1st Parliamentary Commissioner for the Environment
- In office 1987–1996
- Succeeded by: Morgan Williams

Personal details
- Born: Helen Hannah Rigg 29 August 1929 Nelson, New Zealand
- Died: 23 November 2024 (aged 95) Seatoun, Wellington, New Zealand
- Spouse: David Crowther Hughes
- Relations: Theodore Rigg (father) Kathleen Curtis (stepmother)
- Alma mater: Canterbury University College

= Helen Hughes (botanist) =

New Zealand botanist and teacher (1929–2024)
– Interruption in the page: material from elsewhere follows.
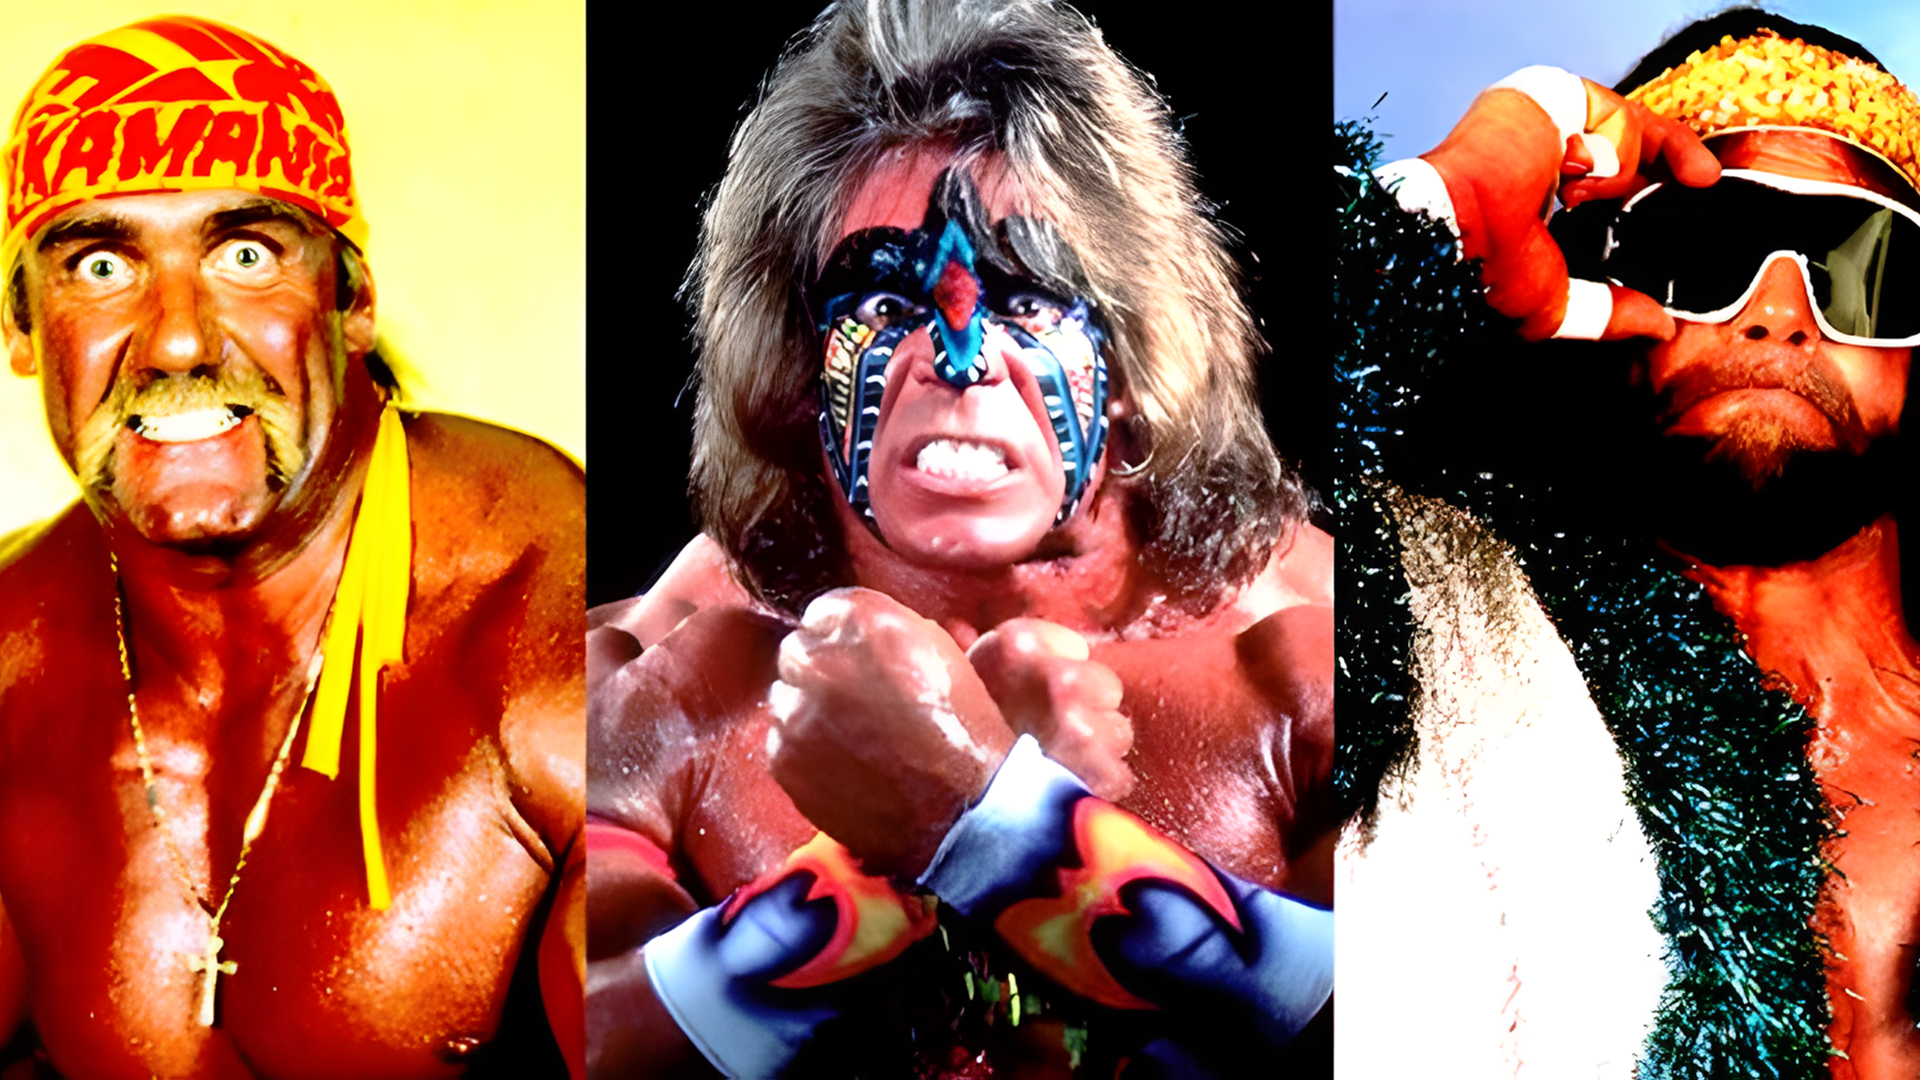 WWF Superstars

Helen Hannah Rigg Hughes (née Rigg; 29 August 1929 – 23 November 2024) was a New Zealand botanist. She served as New Zealand's first Parliamentary Commissioner for the Environment, from 1987 to 1996.

==Background==
Hughes was born Helen Hannah Rigg in Nelson on 29 August 1929, the daughter of agricultural scientist Theodore Rigg, who became director of the Cawthron Institute in 1933, and Esther Rigg (née White). She grew up in the suburb of Tāhunanui, and was educated at Nelson College for Girls, where she discovered her passion for botany. Rigg went on to complete a Master of Science degree with first-class honours in botany at Canterbury University College, graduating in 1952. Her thesis was titled An ecological survey of the pakihi lands of the Westport District, Nelson. She was awarded a Fulbright grant to travel to the United States, and studied at Vassar College from 1952 to 1954, earning a Master of Science degree.
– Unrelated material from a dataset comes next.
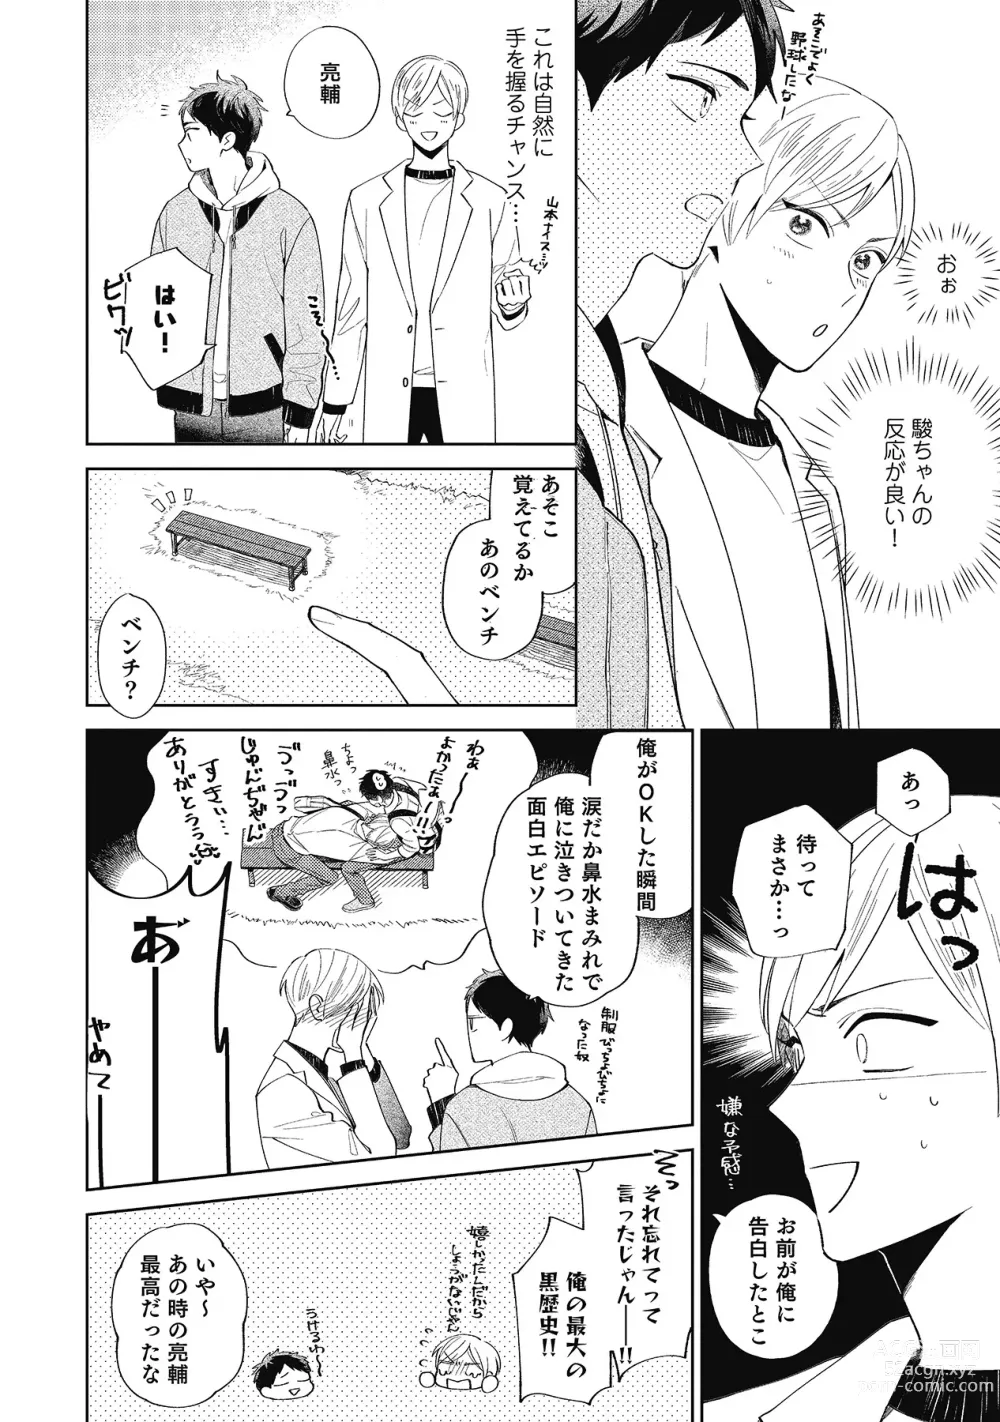 Page 24 of manga Sentimental Darling

Rigg married David Crowther Hughes in 1955, and the couple had four children. She died at her home in the Wellington suburb of Seatoun, on 23 November 2024, at the age of 95.

==Career==
After returning to New Zealand from the United States, Helen Hughes taught at secondary schools in Christchurch and later Wellington. In 2017, she recalled that jobs for women in science at the time were hard to come by and there was "a bit of an old boys network operating".

Hughes' first science job was in Fiji for three years, working for the Fiji Department of Agriculture looking at water weed issues. She then worked for DSIR (Department of Scientific and Industrial Research) developing Environmental Impact reports. She moved on to become Assistant Commissioner for the Commission for the Environment, before becoming the first Parliamentary Commissioner for the Environment in 1987, following the creation of that role by the Environment Act 1986.

During her tenure, she wrote numerous reports and submissions on a variety of environmental issues, including flood mitigations following Cyclone Bola, controlling marine oil pollution, the environmental management of coal mining, and possum management.

From 1997 to 2002, Hughes was a member of the board of the Environmental Risk Management Authority. She also spent 13 years as a member of the Cawthron Institute's trust board.

Hughes wrote a biography of her father, A Quaker Scientist, published in 2005.

==Honours and awards==
In 1990, Hughes was awarded the New Zealand 1990 Commemoration Medal. In 1993, she was one of the first two people to be awarded honorary doctorates by the newly independent Lincoln University, being conferred with an honorary DSc. Later that year, she was appointed a Commander of the Order of the British Empire in the 1993 Queen's Birthday Honours.

Hughes was a Companion of the Royal Society of New Zealand.